23 de agosto de 2005

Download PDF

Pecados dos Papas

Autor: Orlando Fedeli

  • Consulente: Paulo Costa Vieira
  • Localizaçao: Brasília – DF – Brasil

Caro Sr. Orlando,

recentemente, a Revista Veja publicou um suplemento sobre os 500 anos do Brasil. Lá, havia um pequeno artigo sobre o Papa Alexandre VI. Este artigo, apresentava aquele Papa como um homem sem qualquer virtude, apegado à prostituição e a todos os tipos de pecados; inclusive, o artigo dizia que o Papa era o pai de Santa Catarina. O artigo deixava a entender que os Papas eram escolhidos segundo interesses políticos da época e que muitos bispos eram nomeados apenas para atender a esses interesses.

A revista apresentou a igreja como movida apenas por interesses políticos e que os padres que reclamaram dessa conduta da igreja foram perseguidos e excomungados.

Eu gostaria de saber sua opinião sobre a Igreja Católica na Idade Média e se ela representava os interesses de Deus na Terra, mesmo mergulhada no pecado e portanto entregue nas mãos de satanás.

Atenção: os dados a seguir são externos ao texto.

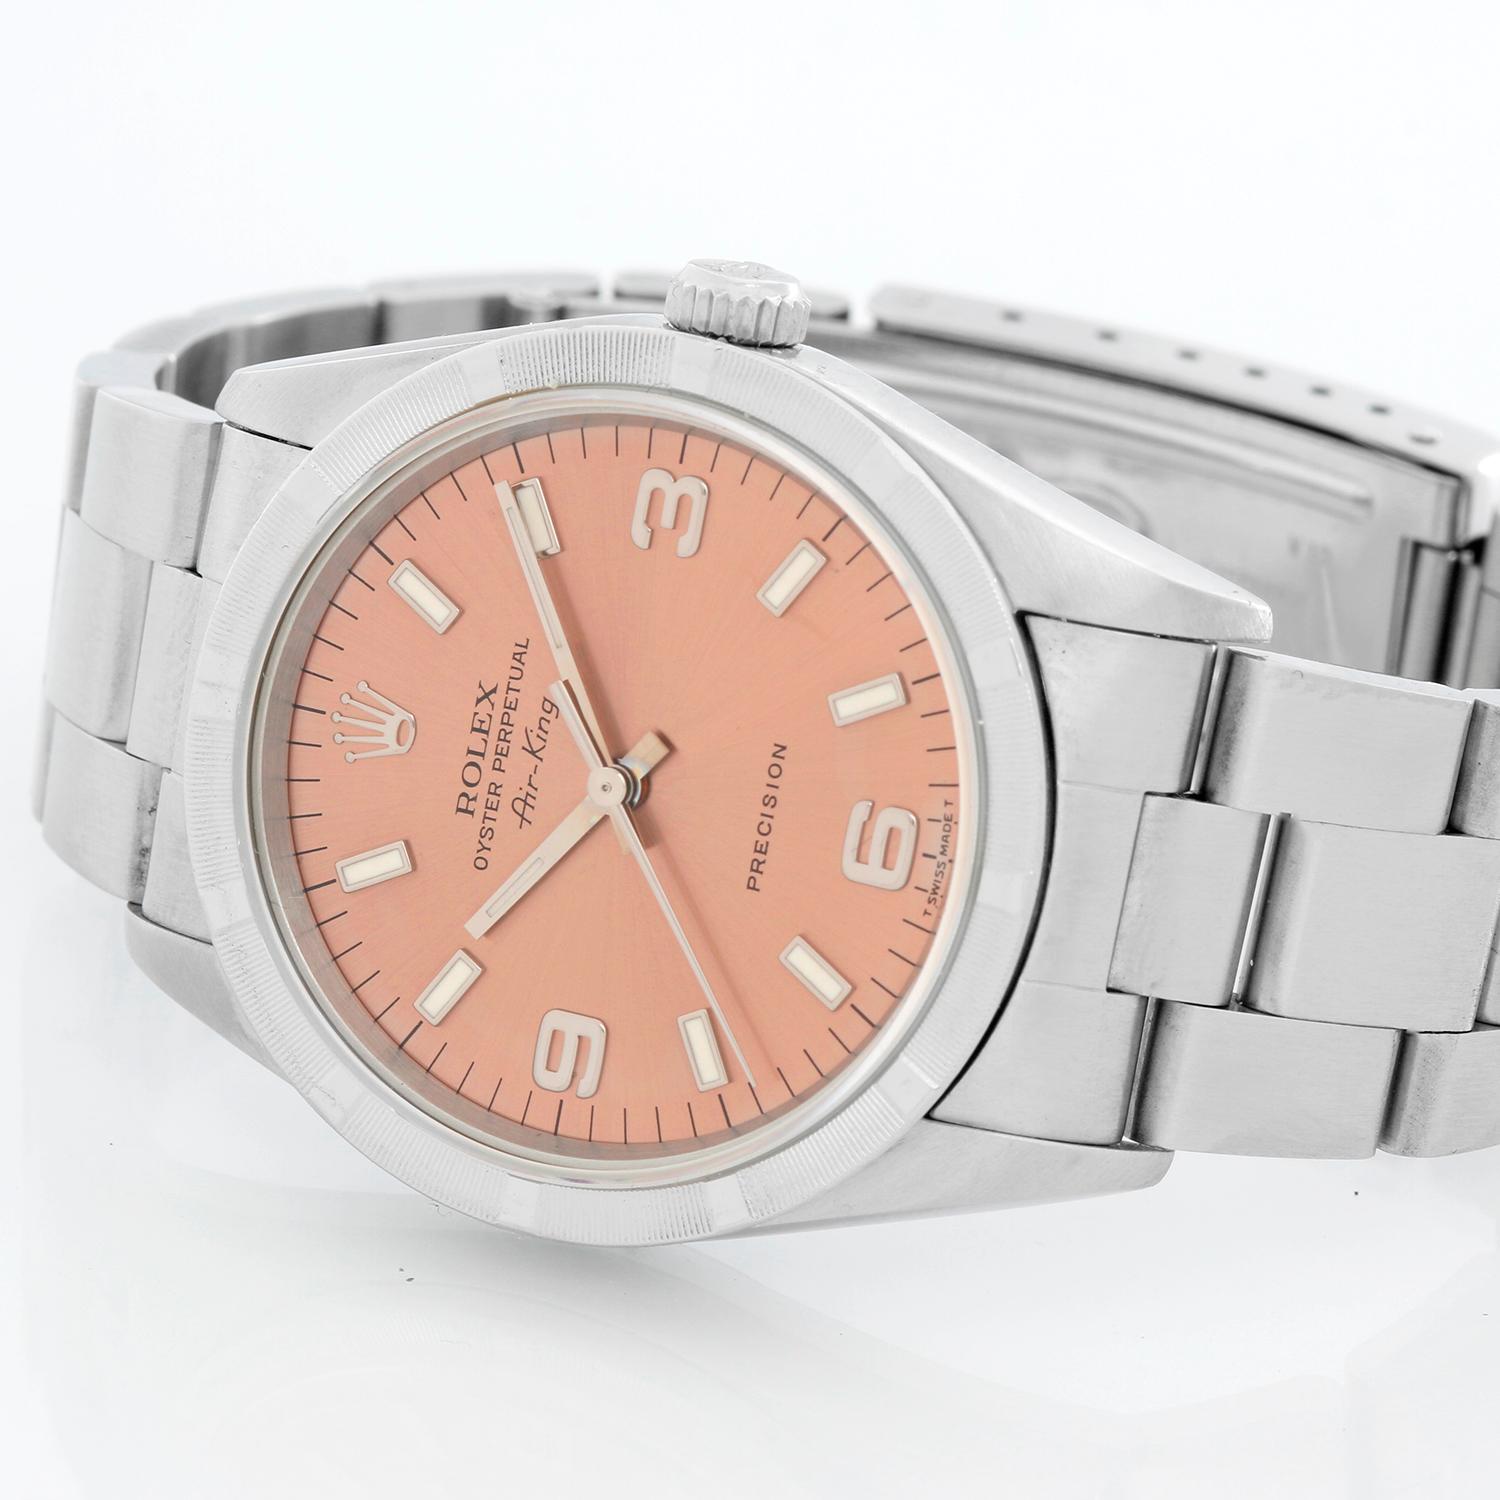 Rolex Air King Stainless Steel Men's Watch 14010 - Automatic winding. Stainless Steel ( 36 mm ). Rose dial with white stick hour markers. Stainless Steel Oyster bracelet. Pre-owned with box .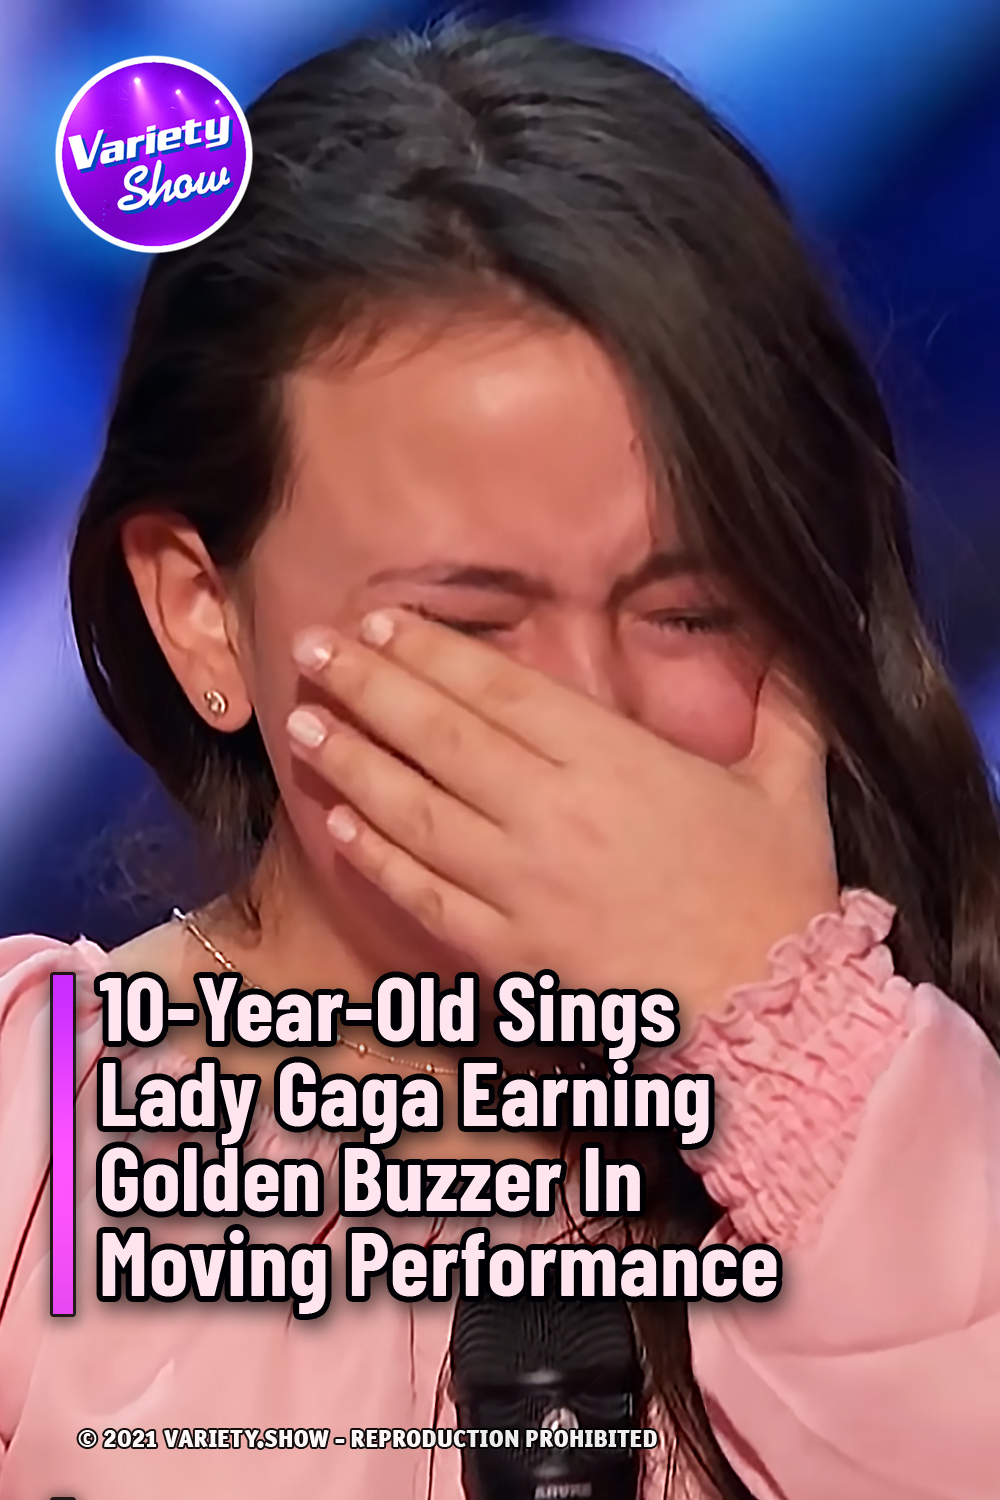 10-Year-Old Sings Lady Gaga Earning Golden Buzzer In Moving Performance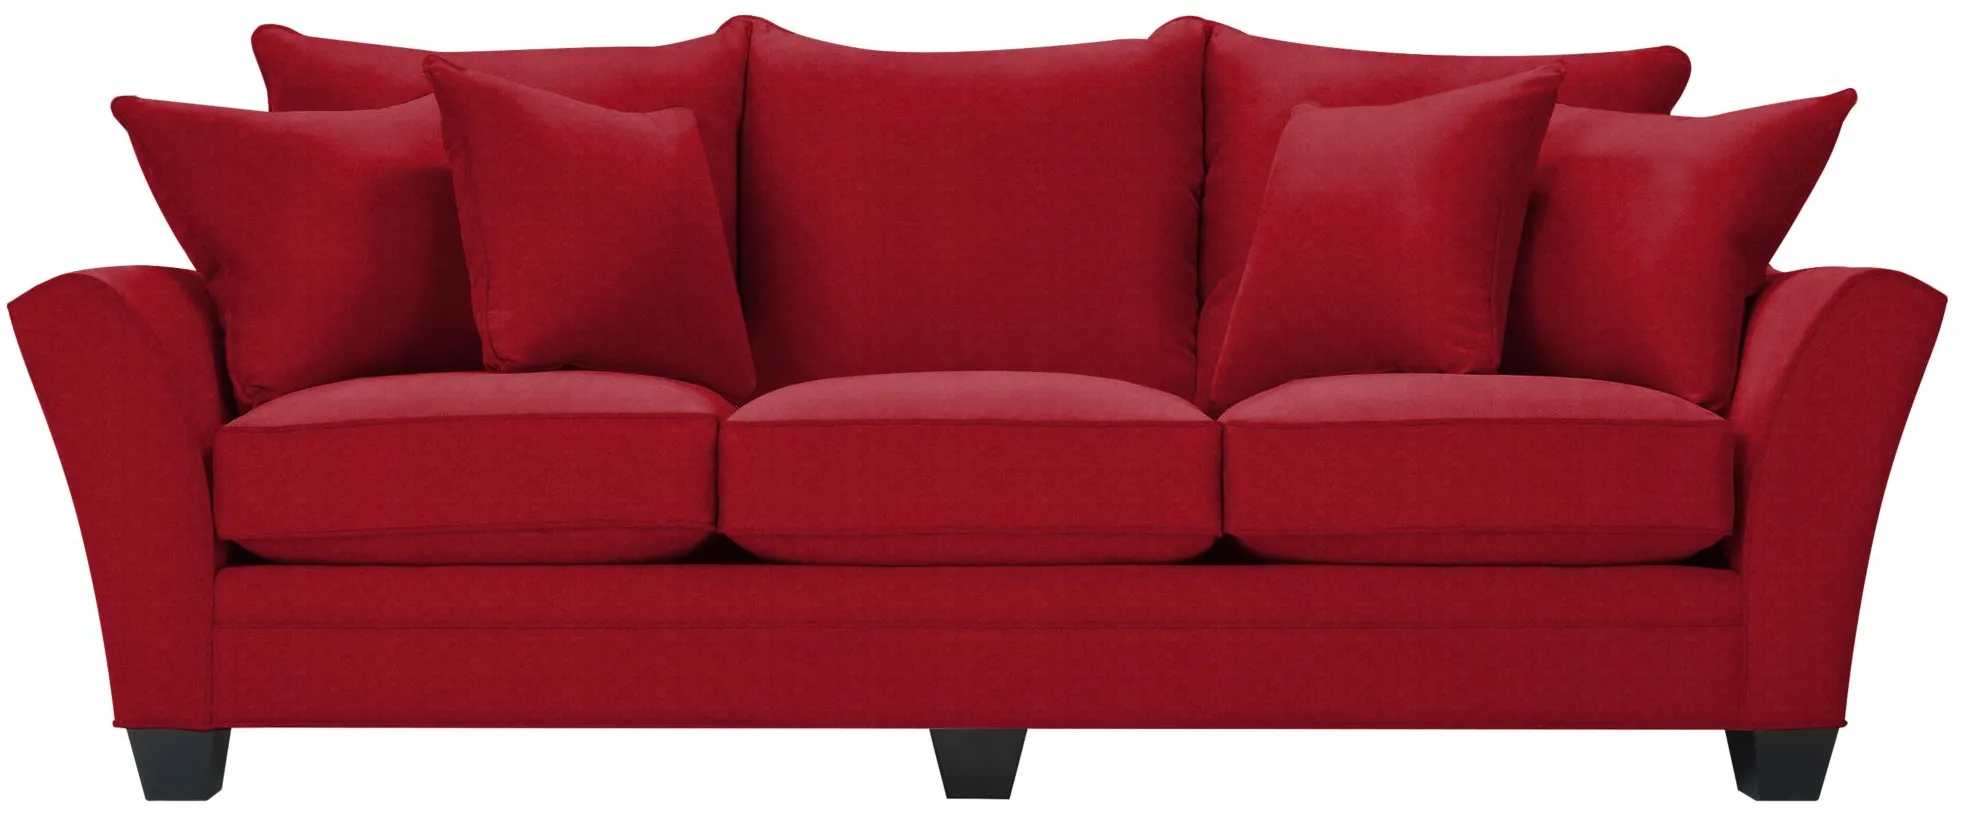 Briarwood Queen Plus Sleeper Sofa in Suede So Soft Cardinal by H.M. Richards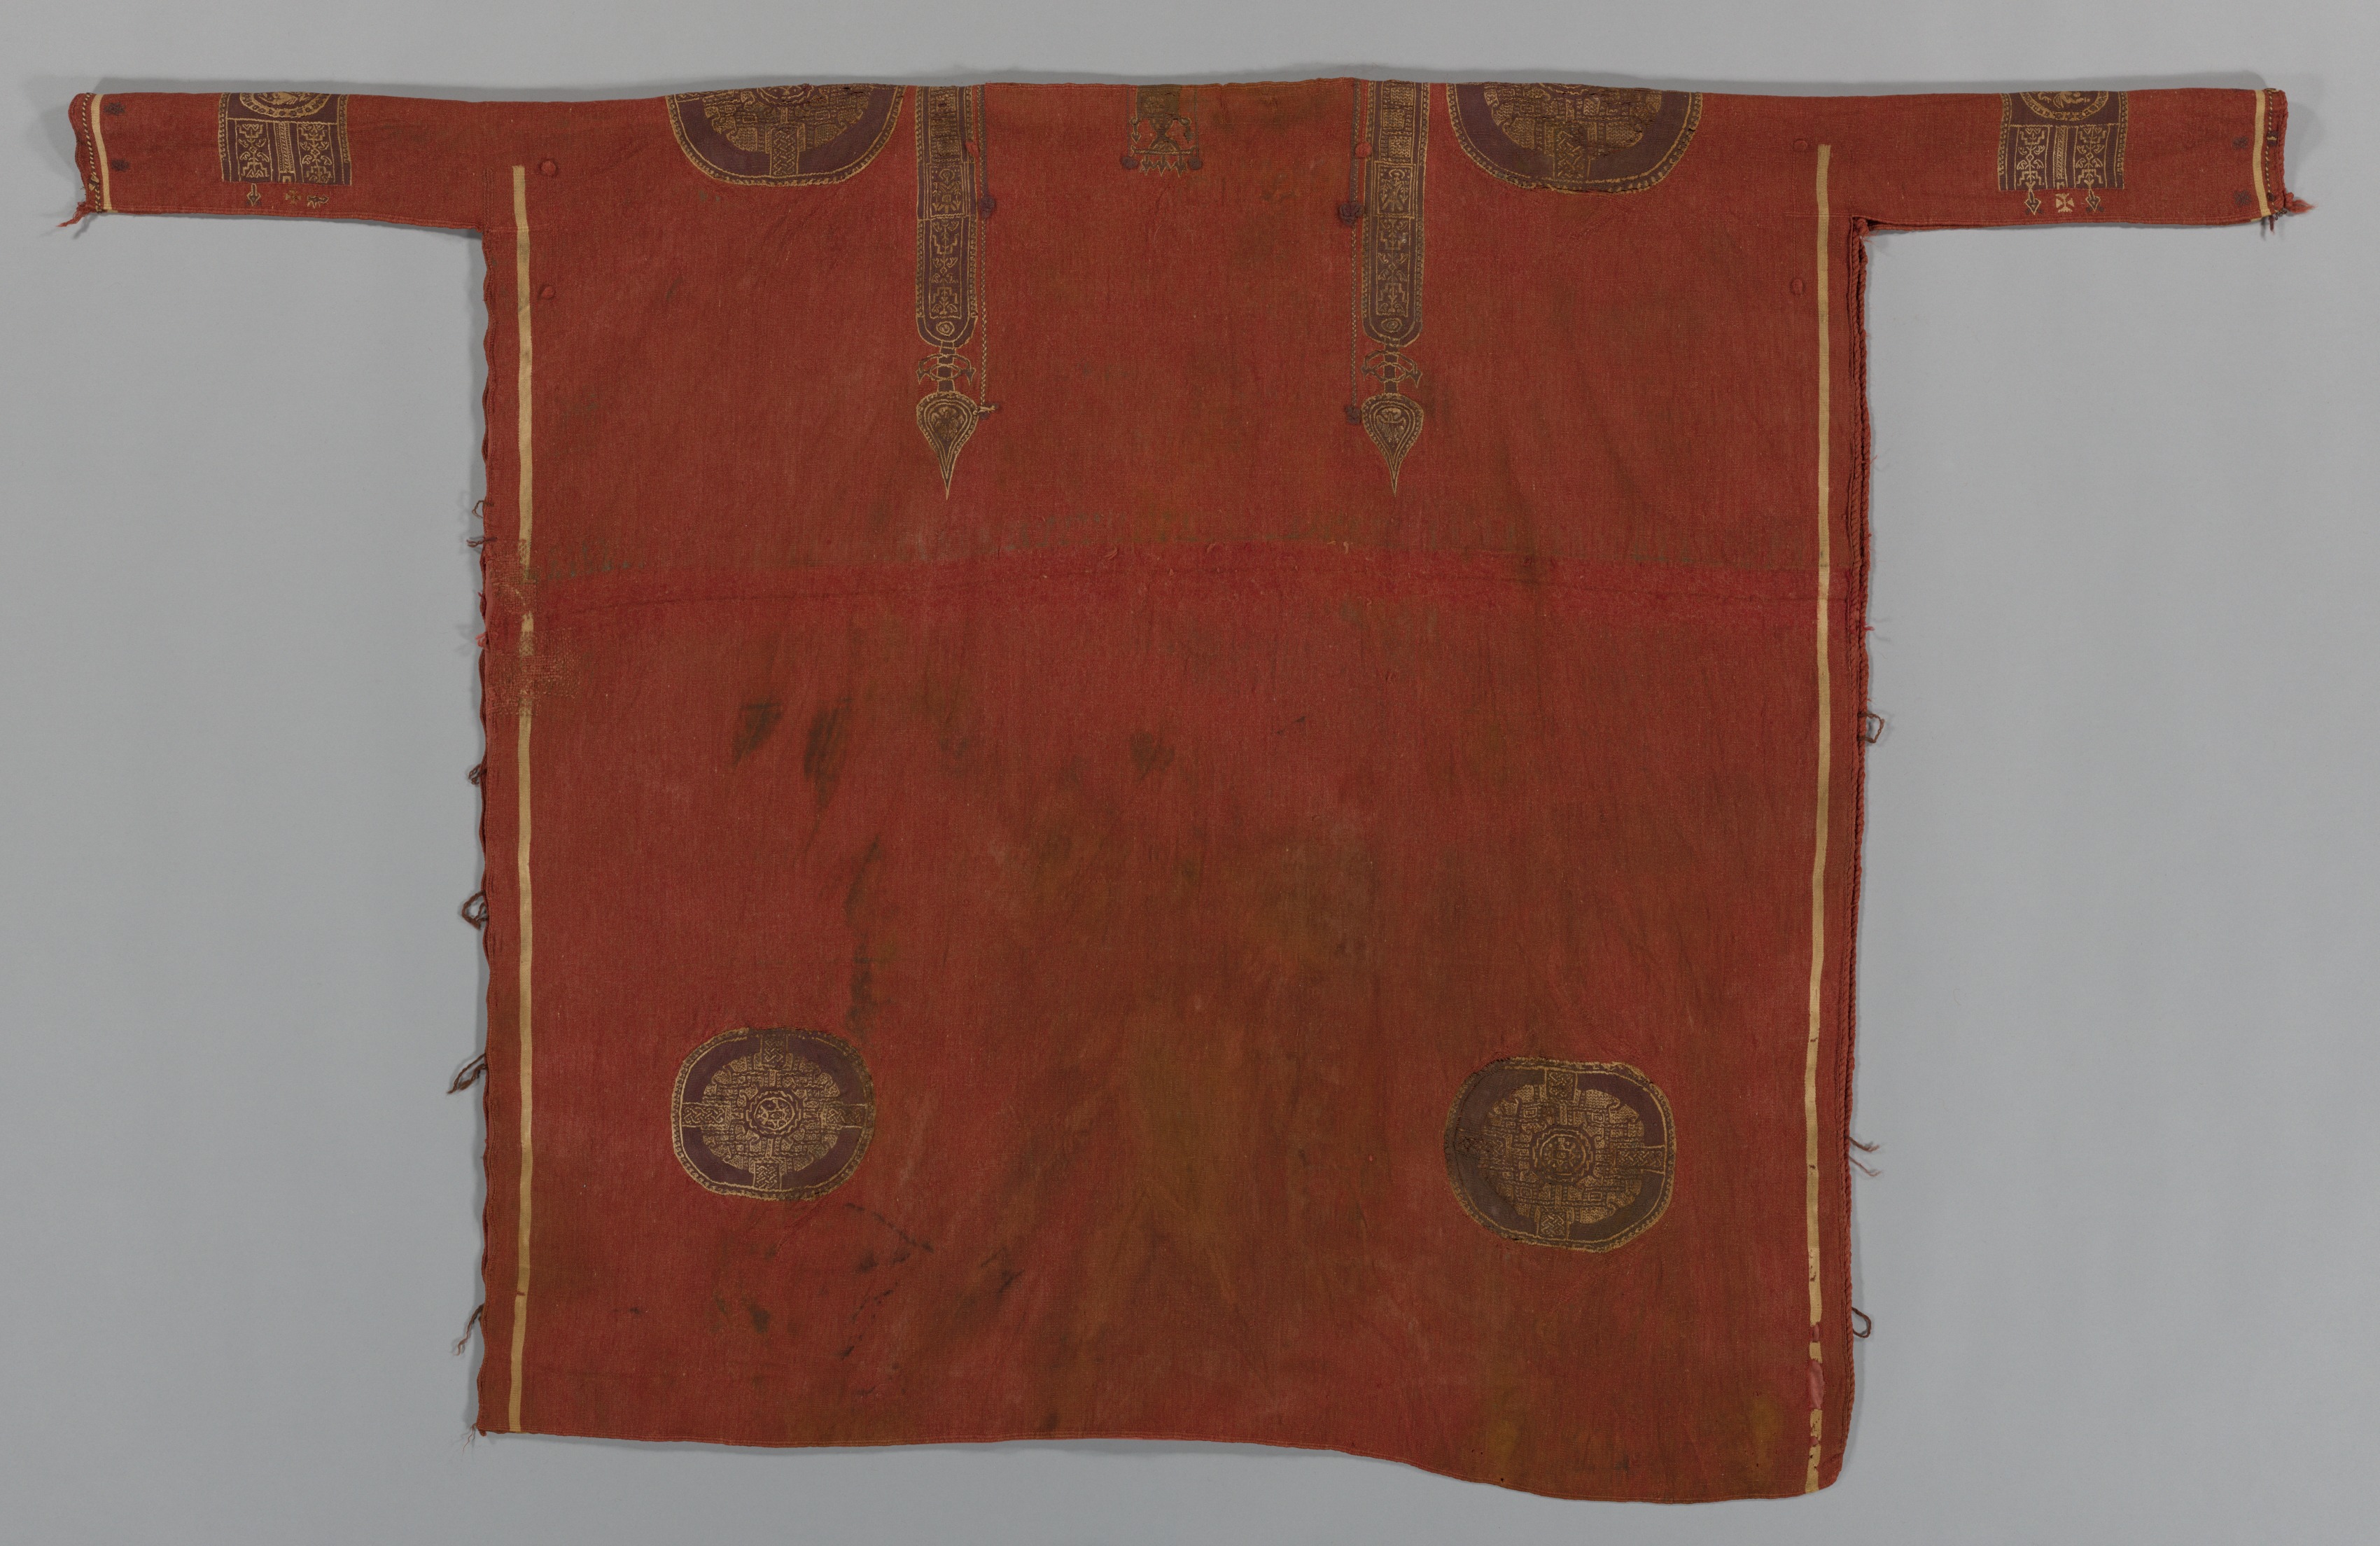 Luxurious Woolen Tunic with Decorated Bands
and Roundels

Atenciosamente. Paulo Costa Vieira.


Outro dia, ouvi um cometário de que a “grande prostituta”, citada no Livro de Apocalipse, seria a Igreja Católica Romana, que deixou de ser a noiva de Cristo e se prostituiu na idolatria.
Eu gostaria de saber qual é a interpretação dos senhores para esta passagem da Bíblia.
Atenciosamente. Paulo Costa Vieira.


Meus parabéns pelo artigo “”Viva o Papa!”.
Eu gostaria de saber como poderemos ter a certeza de que o sucessor de São Pedro está em Roma? Em que situação fica o Padriarca da Igreja Ortodoxa?
Tivemos Papas sem qualidades morais para dirigir até mesmo um bordel; esses Papas poderiam ser chamados de sucessores de São Pedro? Se alguns Papas viviam em prostituição, eles estavam servindo a Deus ou a satanás? Que autoridade tem o homem para dizer quem representa Cristo na Terra, em especial se o escolhido vive em prostituição?
Antecipadamente, agradeço pelas respostas.
Atenciosamente. Paulo Costa Vieira.


Quanto ao assunto “dízimo”, eu gostaria que o Sr. complementasse sua resposta com um breve comentário sobre as passagens da Bíblia que falam sobre o “dizimo”.
Atenciosamente. Paulo Costa Vieira.


Caro Sr. Orlando, meus parabéns pelo seu artigo com o título: “Dominus Iesus I: Viva! Viva o Papa!”.
Gostaria de saber se este documento da Congregação para a Doutrina da Fé já reflete a luta travada no Vaticano pela sucessão do Papa João Paulo II.
Atenciosamente. Paulo Costa Vieira.

Prezado Paulo, Salve Maria.

Perdoe-me a demora em responder suas cartas: eu estava na Europa, e, chegando, apressei-me em respondê-las.

Darei uma resposta em conjunto às seis perguntas que você me mandou.

Antes de tudo, agradeço seus elogios a meu trabalho sobre a Dominus Iesus. Isso me faria supor que você é um católico anti modernista.

Entretanto, outras frases e dúvidas colocadas, além de uma certa ojeriza contra o Papado que transparece em suas perguntas, me deixam a impressão de que você é protestante. Ou, pelo menos, está contaminado pelo espírito protestante.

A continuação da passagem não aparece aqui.